2022-07-04

Tensorflow v1 vs v2 inference

In tensorflow 1.0, you had to define your model as a graph, and run it using the following syntax:

with tf.Session(...) as sess:
  sess.run(...)

This piece of code basically compiles a graph and puts it on the device that it should be executed on (CPU/GPU).

While compiling the graph, TensorFlow applies various optimizations, like running parallel branches in separate threads, etc. So, as a result, you could expect a better performance of the resulting model. Moreover, such a graph could be saved and run on different platforms without depending on Python at all.

But starting from TensorFlow 2.0, the new eager mode has been introduced (just like in PyTorch). This implies an execution environment that evaluates operations immediately, just like the python interpreter behaves with the python code. And such execution mode could be used, first of all, for development purposes, since we can debug our code easier. For example, the following piece of code should print out “4”, by evaluating the tf.matmul operation immediately:

x = [[2.]]
m = tf.matmul(x, x)
print(f"Result: {x}")

The main disadvantage of such an approach, compared to the “graph” mode - performance.

Here is the inference time comparison for the mobilenetv2 classifier on Intel MacBook 2019 (CPU):

As you can see, the relative difference could be huge - up to ~3-4 times. Also, inference time distribution for the eager mode is spread.

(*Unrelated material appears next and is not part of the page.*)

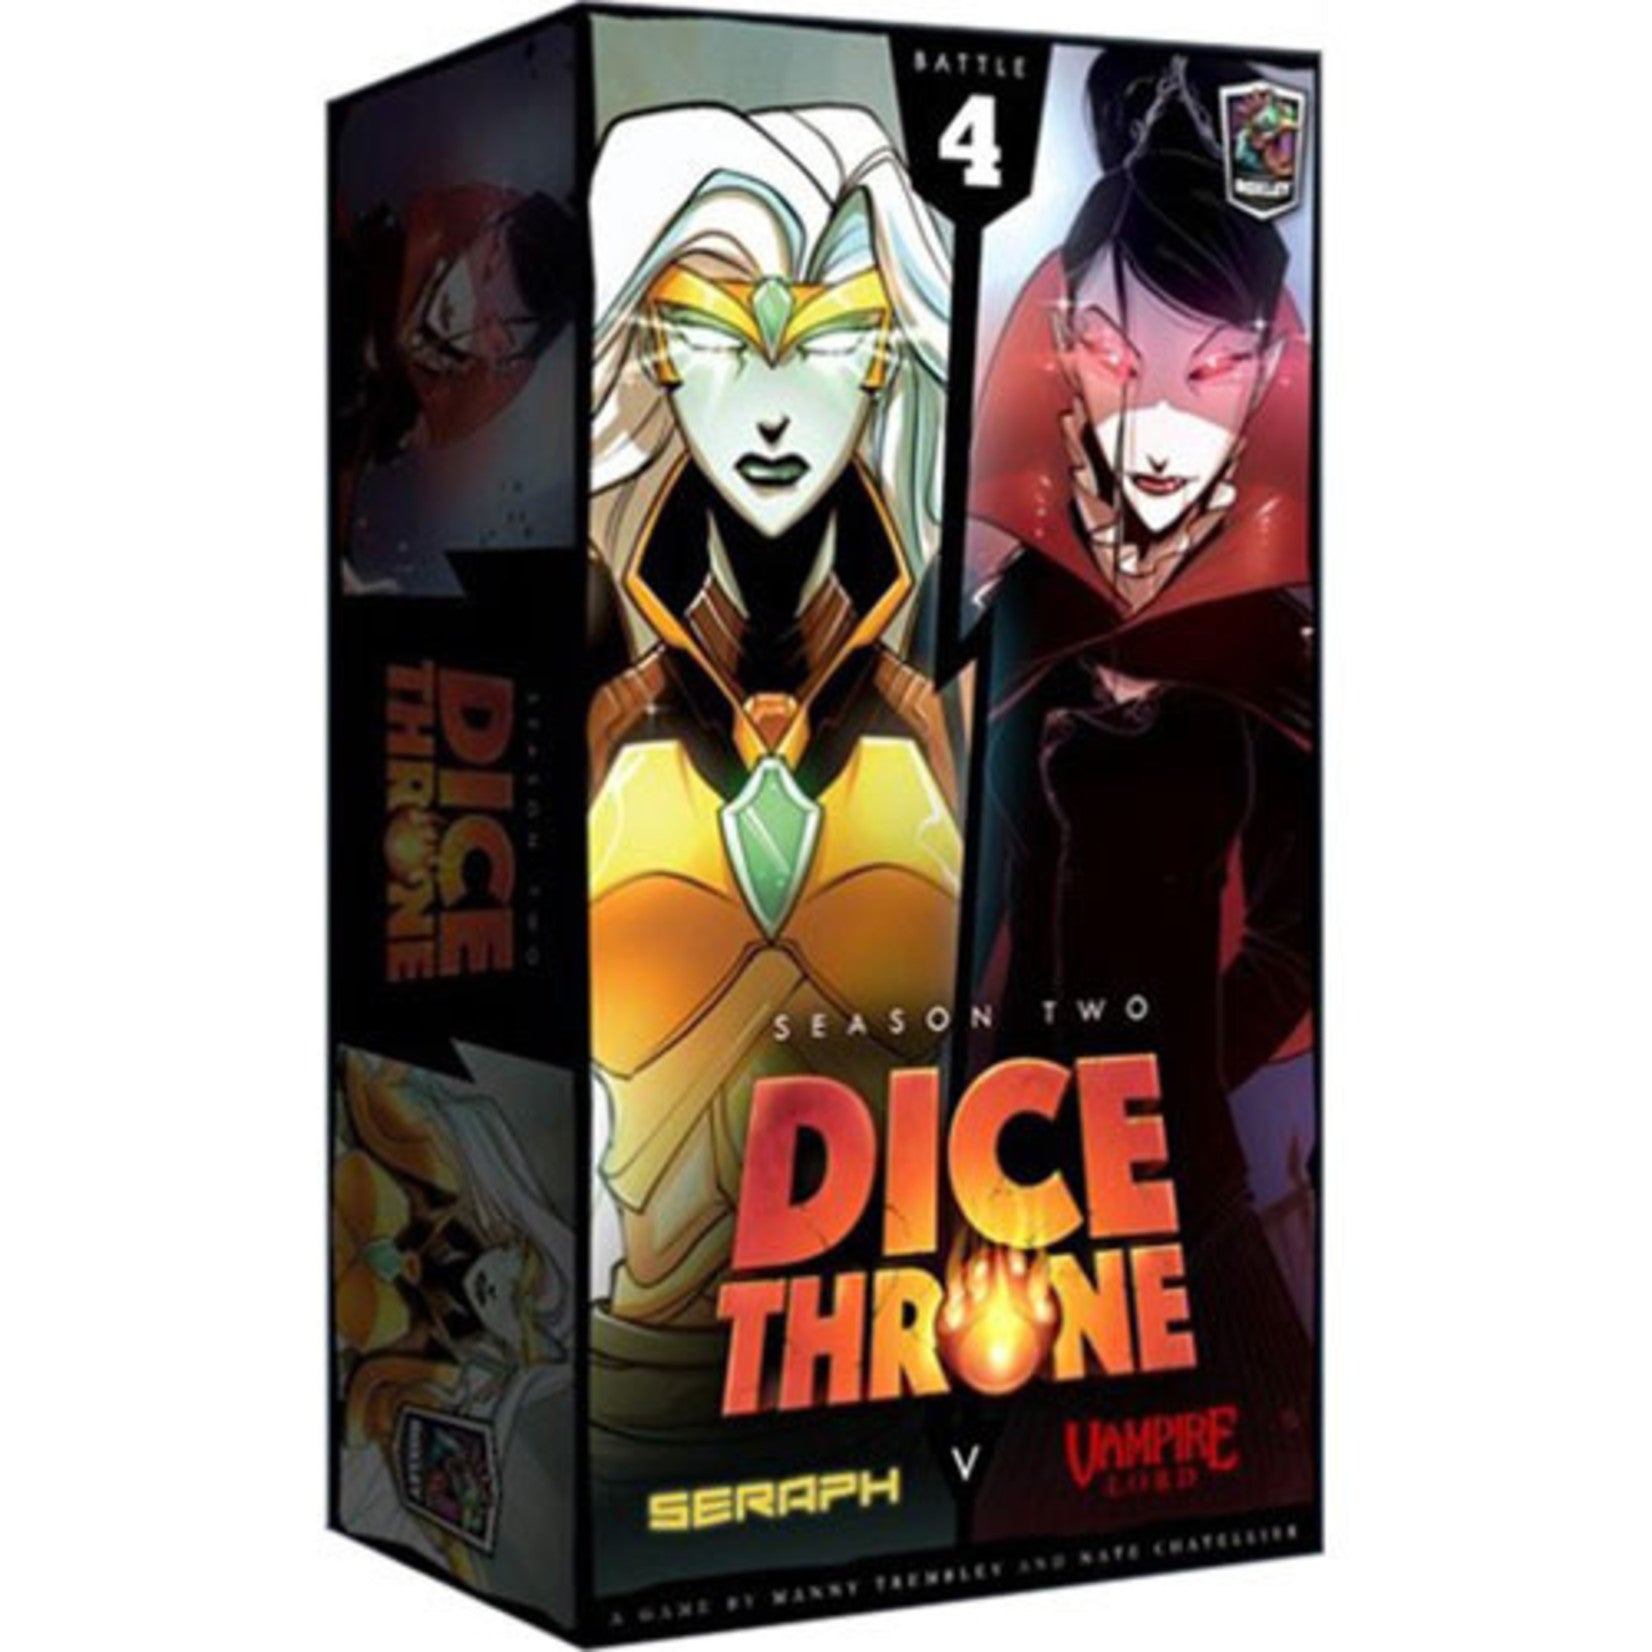 Dice Throne Season 2 Box 4 Seraph vs Vampire Lord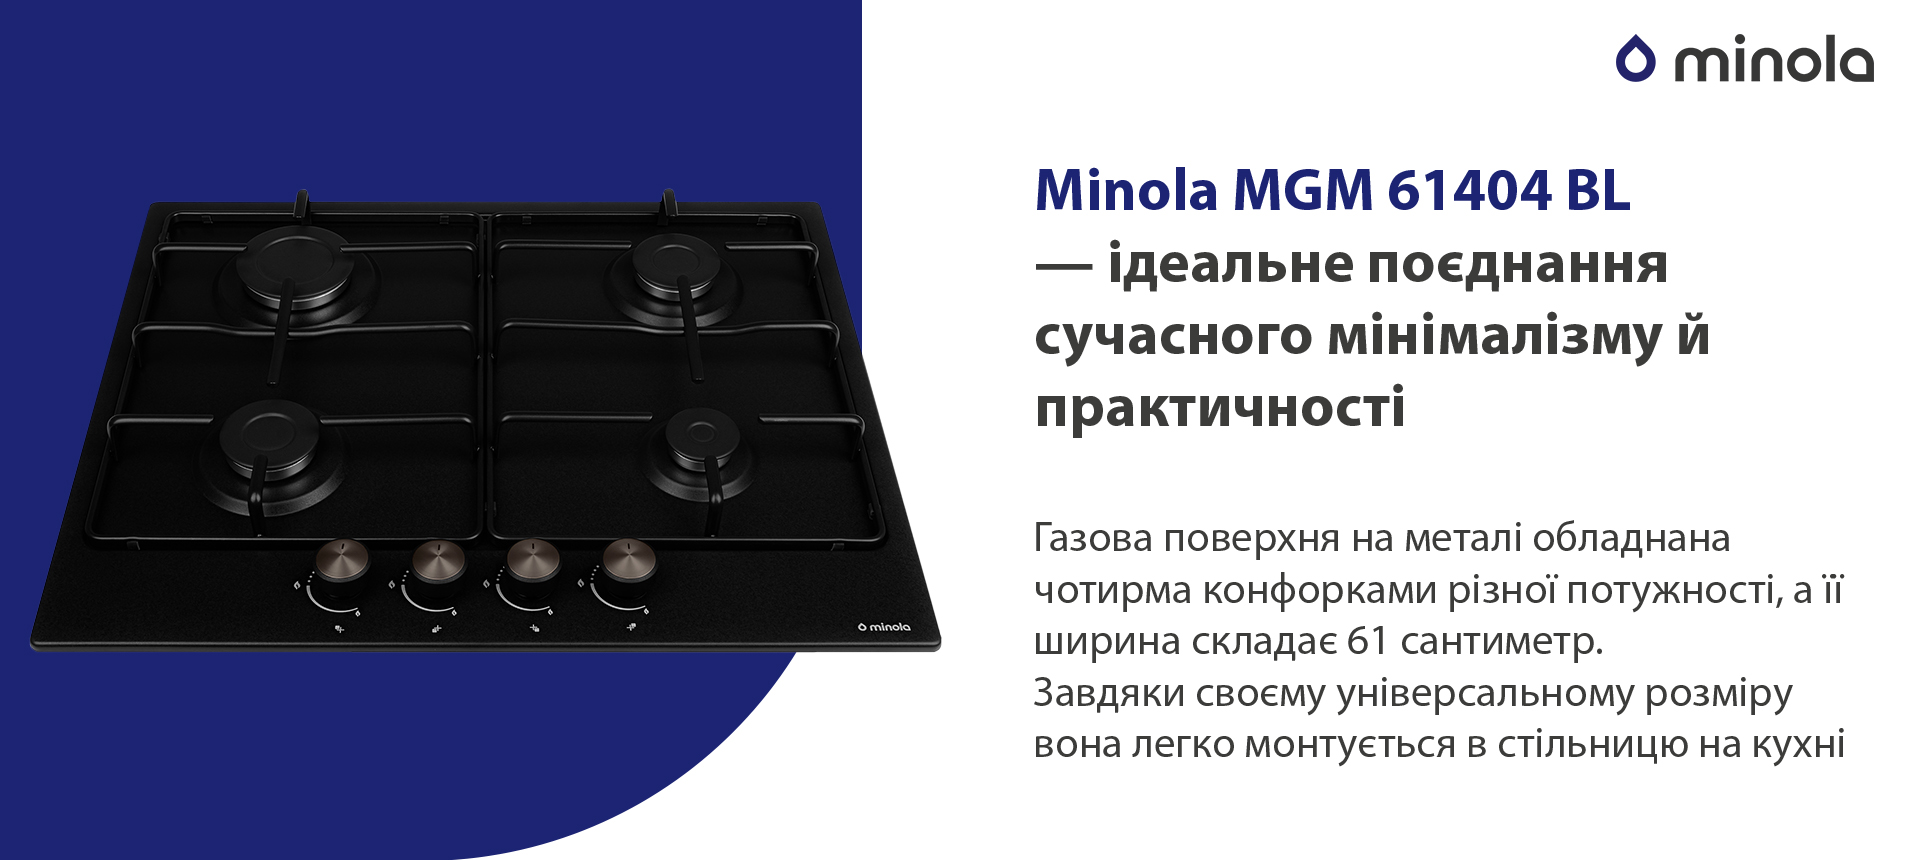 Minola MGM 61404 BL в магазине в Киеве - фото 10

So, you can still develop your model in eager (default) mode in tf 2.0, but you need to enable graph execution when using the training pipeline for inference. Here are some tips on how to switch between eager and graph modes in tf >=2.0:

• call tf.compat.v1.disable_eager_execution() or tf.compat.v1.enable_eager_execution() before the graph loading / initialization (useful when you load models not trained by you):

class Predictor:
    def __init__(self, path: str) -> None:
        tf.compat.v1.disable_eager_execution()
        self.model = load_model(path)
        ...

• or use the “new” tf.function to wrap up your model after it’s definition, which will trace-compile it to a Tensorflow graph:

from tensorflow.keras import Input, Model
from tensorflow.keras.layers import Flatten, Dense

inputs = Input(shape=(28, 28)) 
x = Flatten()(inputs) 
x = Dense(256, "relu")(x)
x = Dense(256, "relu")(x) 
x = Dense(256, "relu")(x) 
outputs = Dense(10, "softmax")(x) 

model = Model(inputs=inputs, outputs=outputs)

input_data = tf.random.uniform([100, 28, 28])
graph_model = tf.function(model)
print(f"Results: {graph_model(input_data)}")